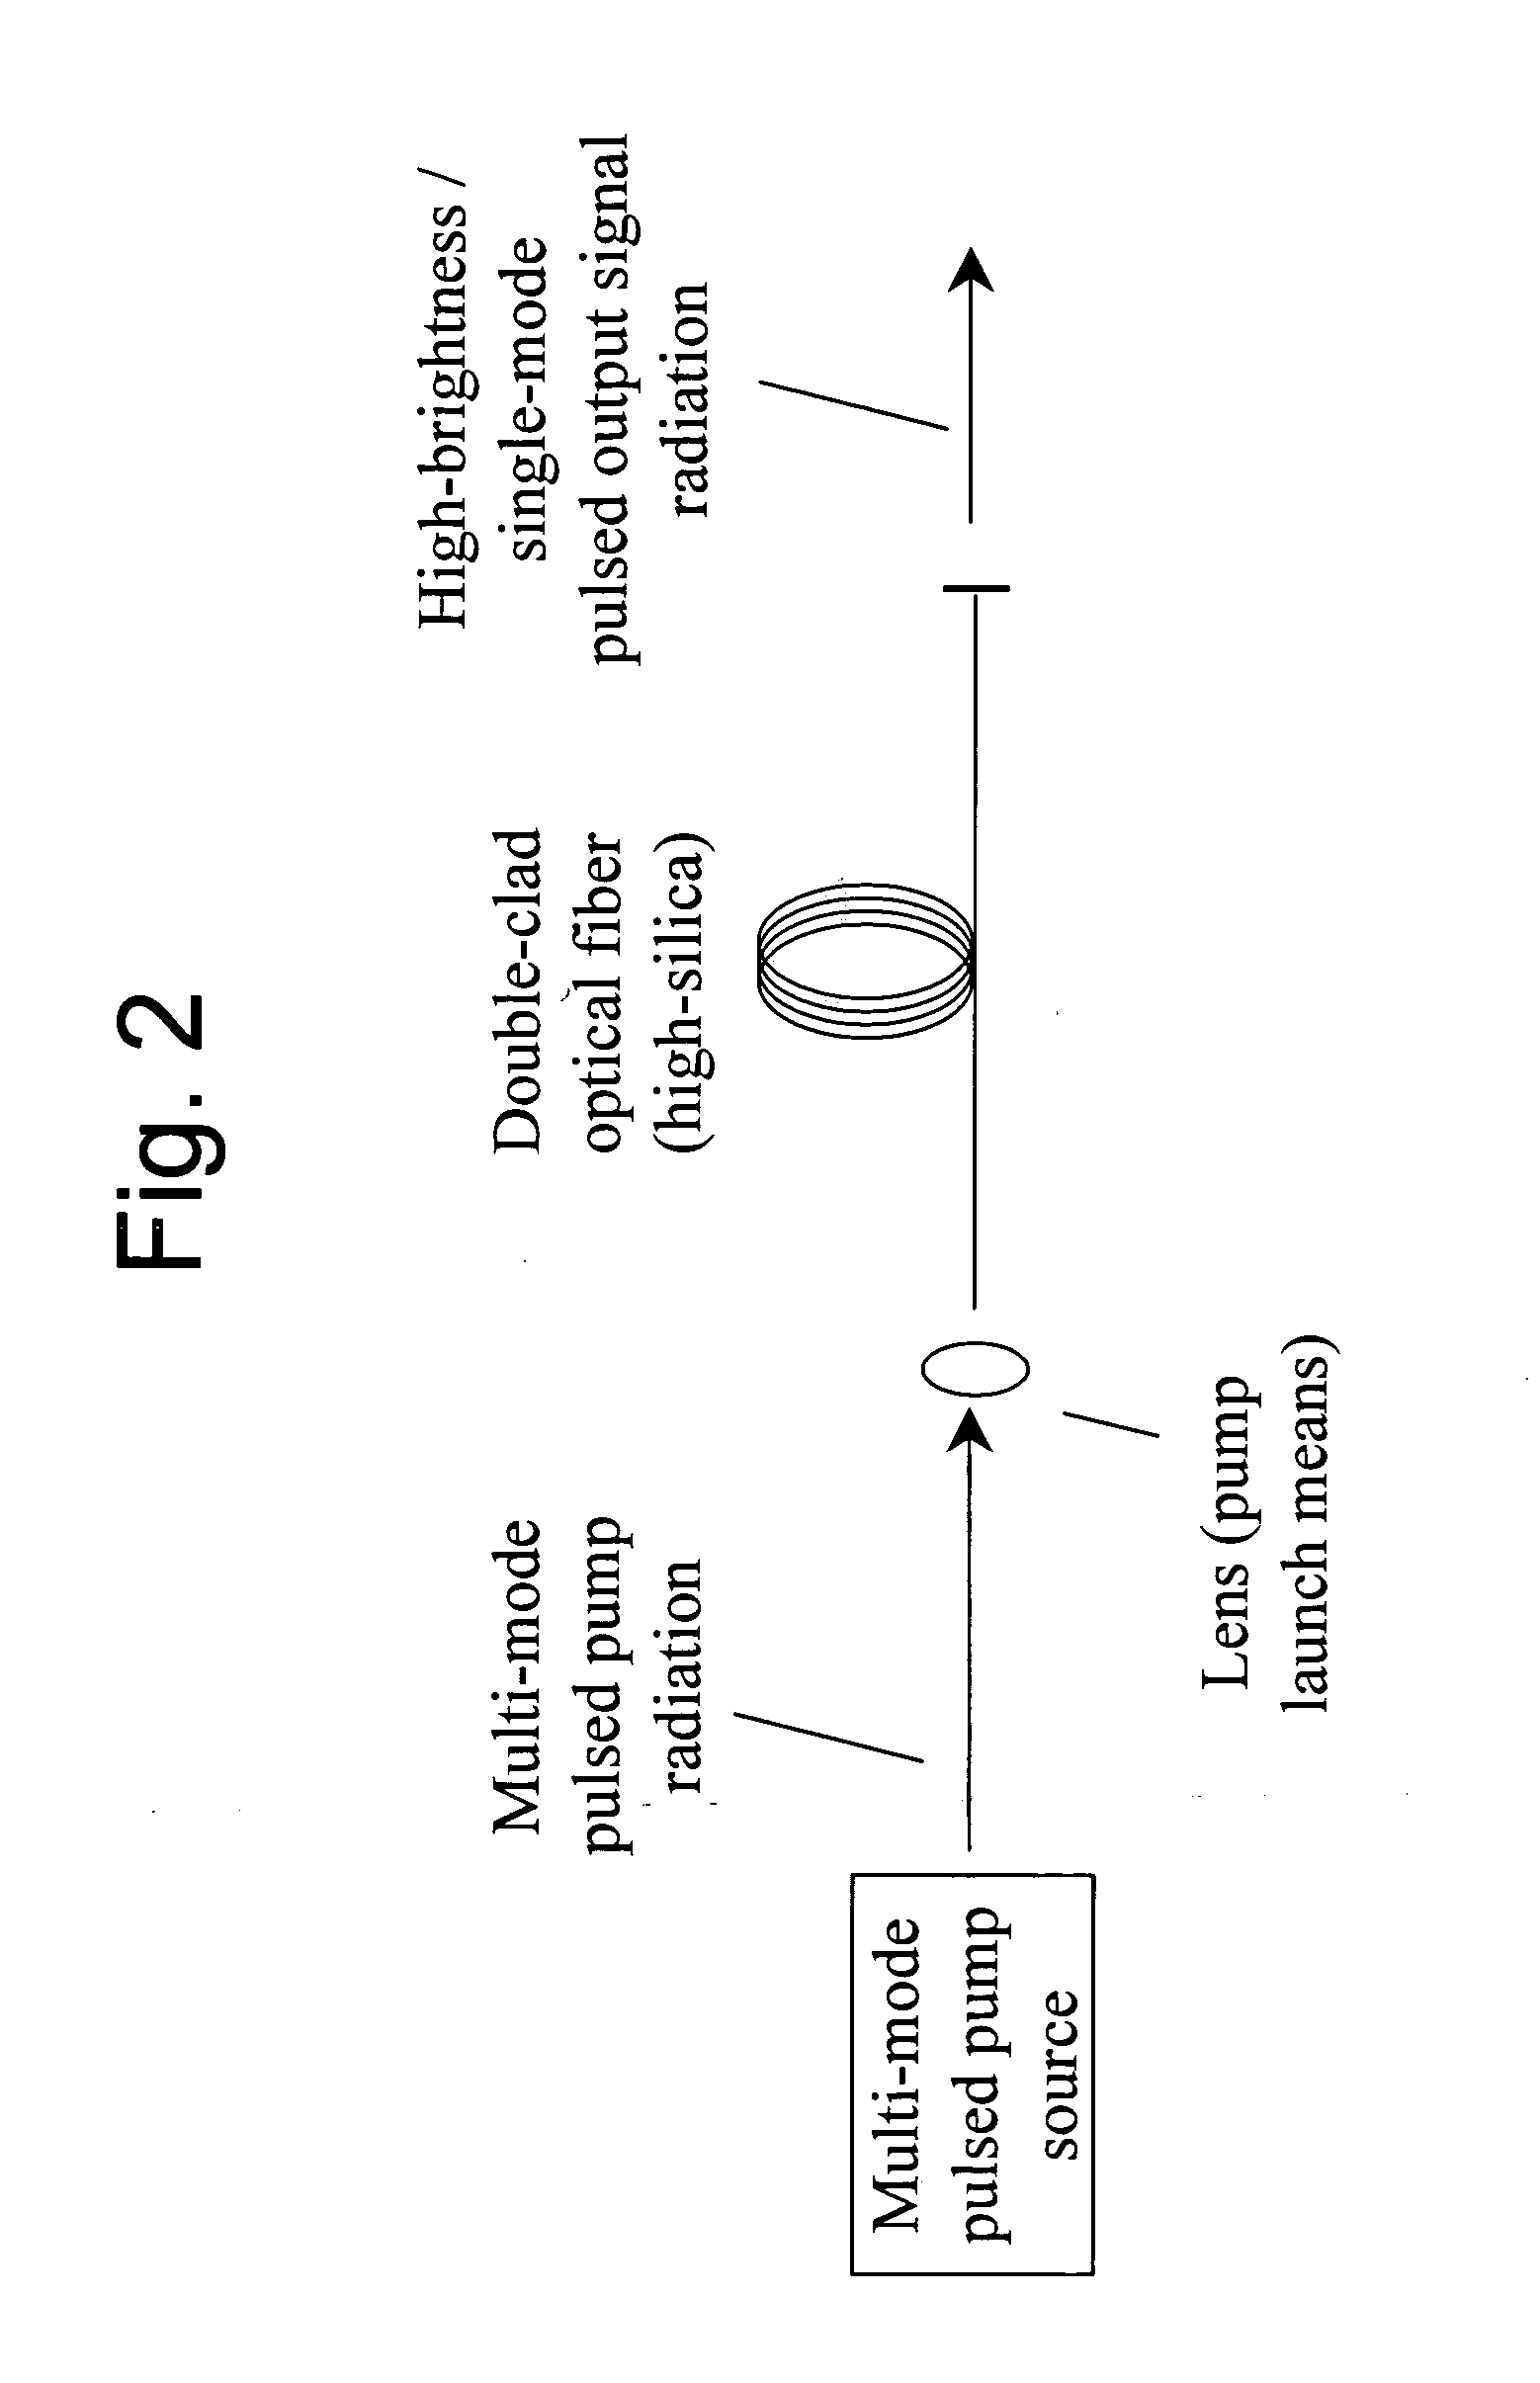 Optical device with immediate gain for brightness enhancement of optical pulses
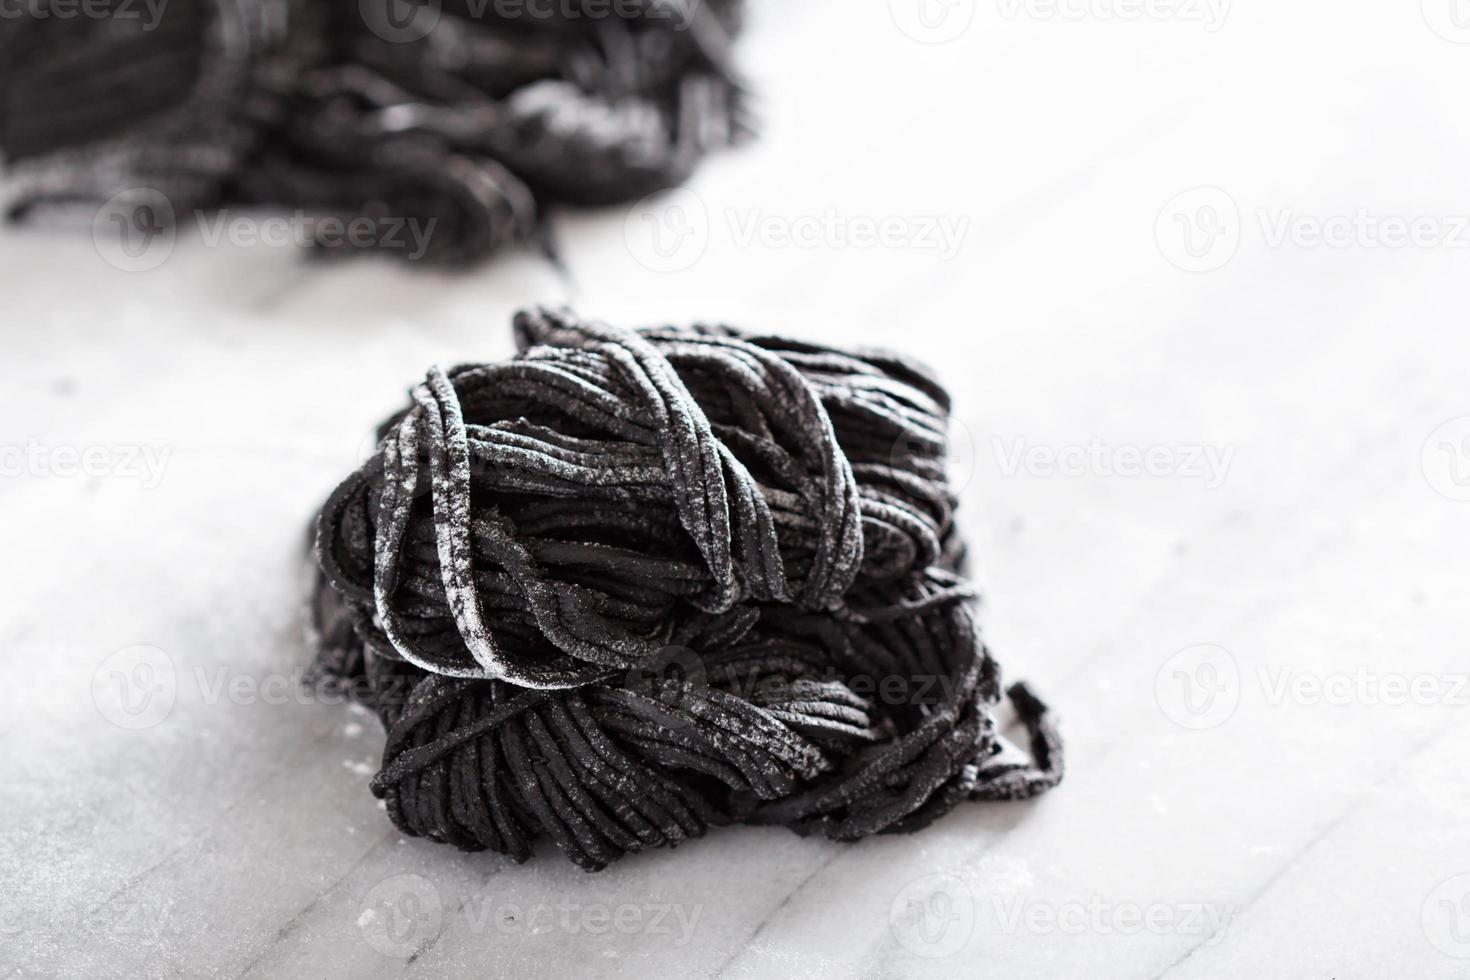 Squid ink homemade pasta on marble photo
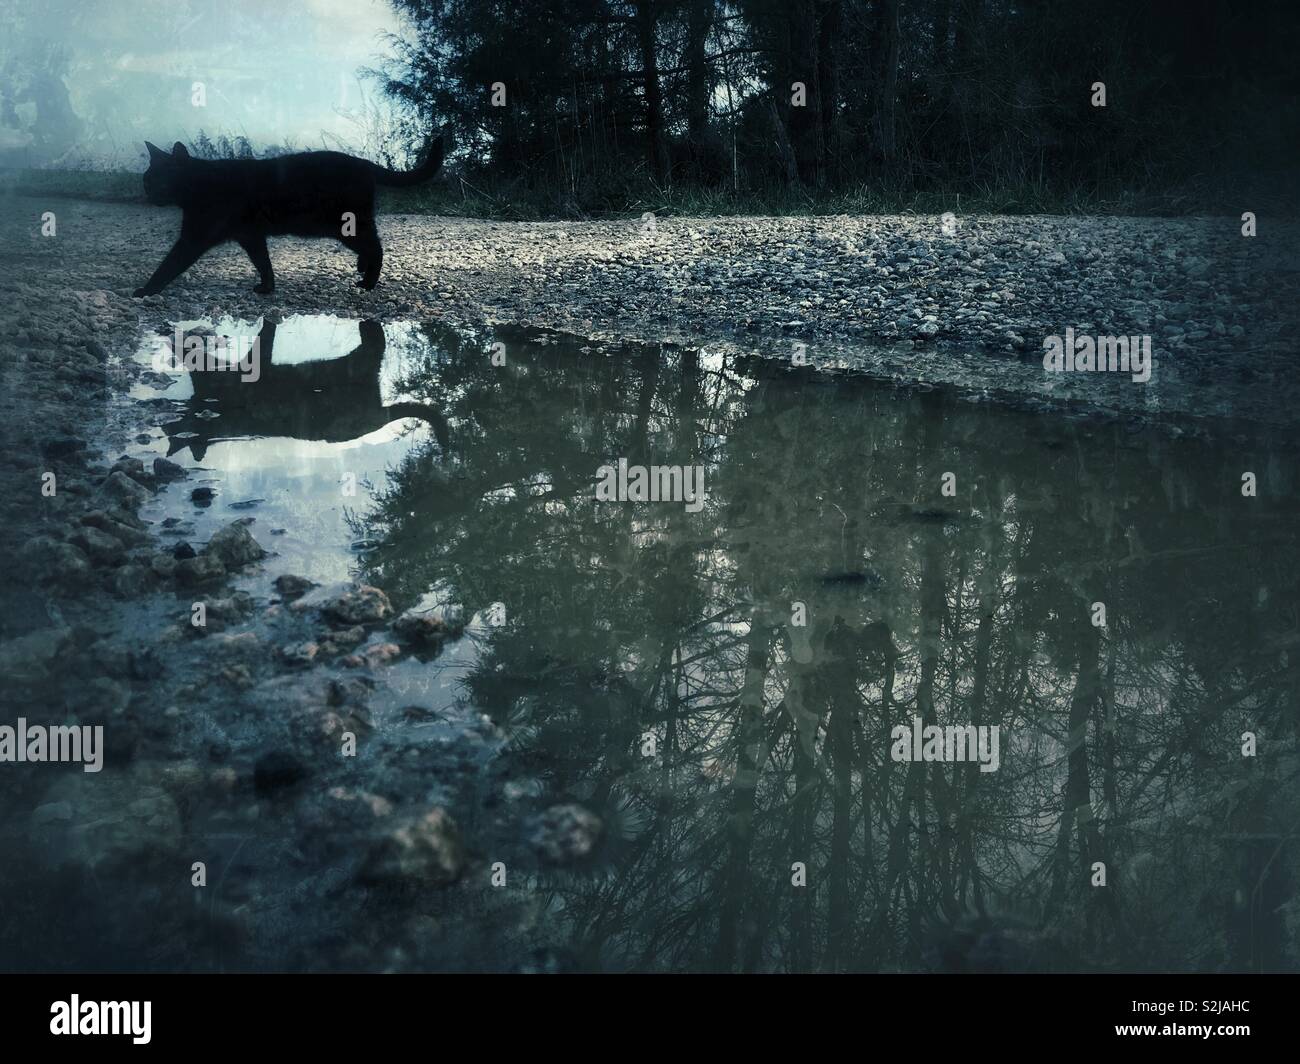 Grey/blue tones in overcast photo of sauntering cat reflected in driveway puddle Stock Photo
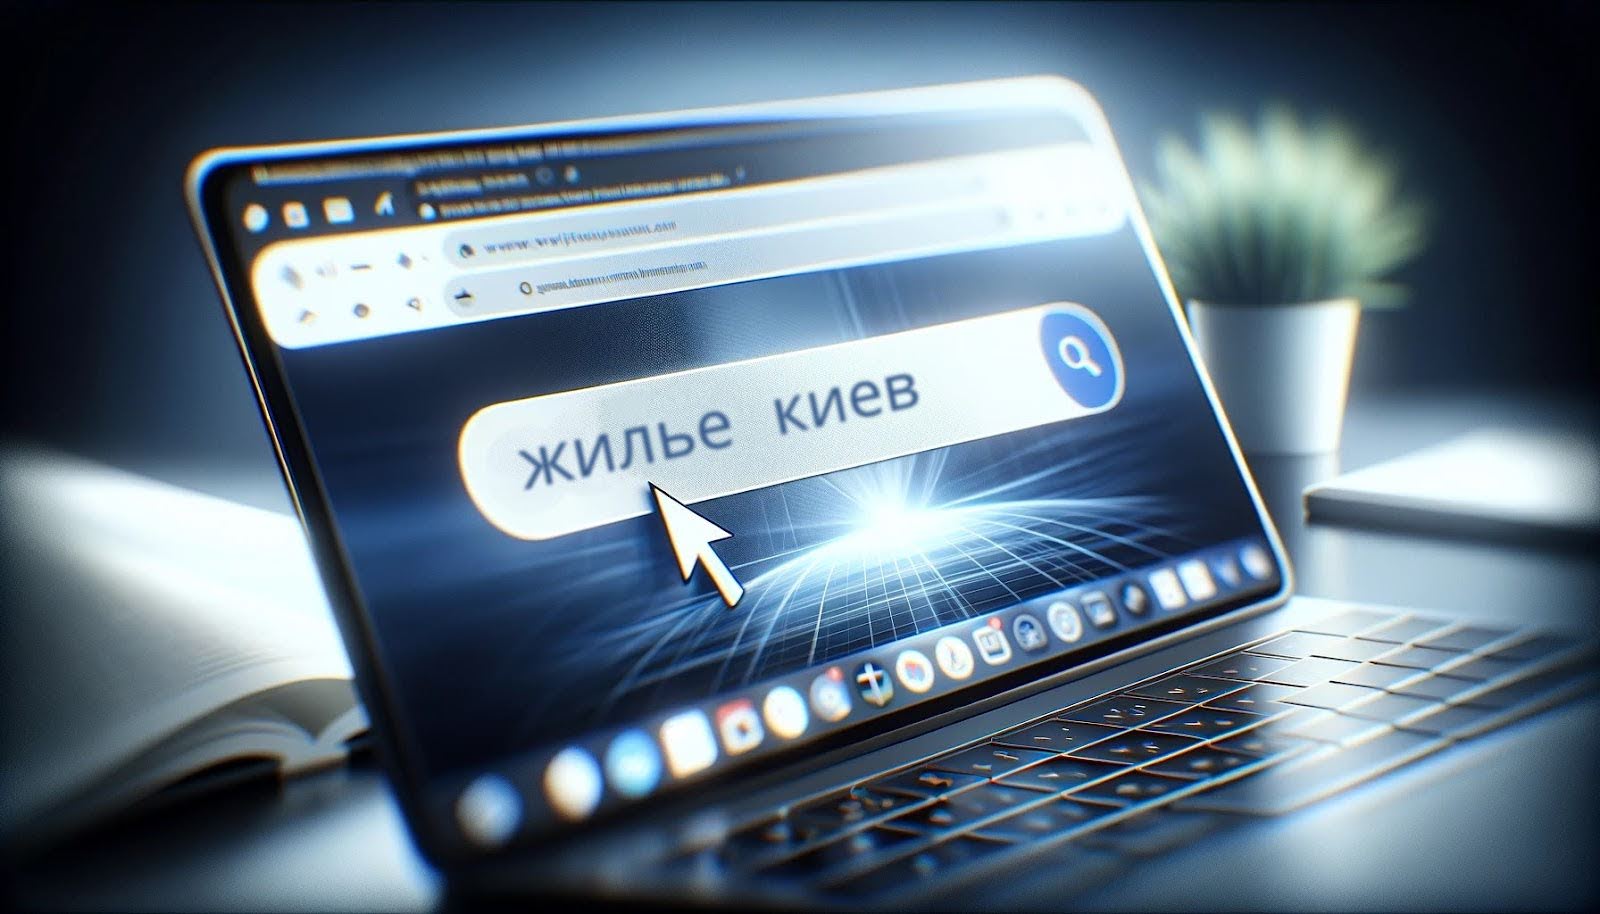 Search line with the request for housing in Kyiv
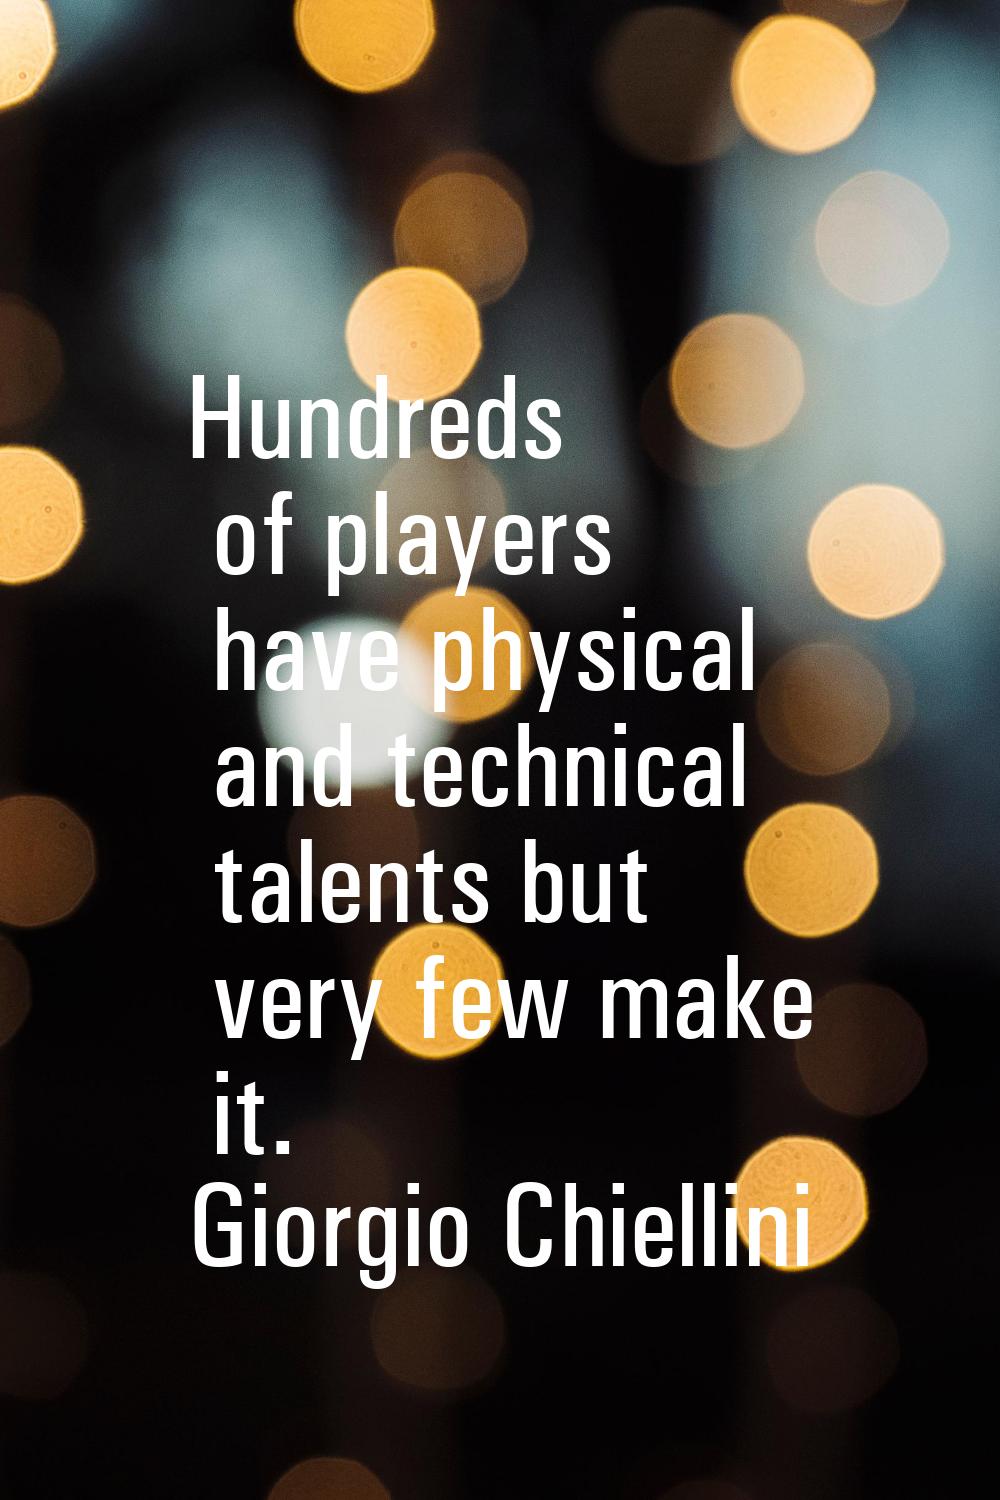 Hundreds of players have physical and technical talents but very few make it.

What you will do: All entries, top to bottom, should be retyped exactly; the pictures should not be.

Finished task:
 Optical device with immediate gain for brightness enhancement of optical pulses
 Squid ink homemade pasta on marble photo
 Grey/blue tones in overcast photo of sauntering cat reflected in driveway puddle Stock Photo
 Search line with the request for housing in Kyiv
 Hundreds of players have physical and technical talents but very few make it.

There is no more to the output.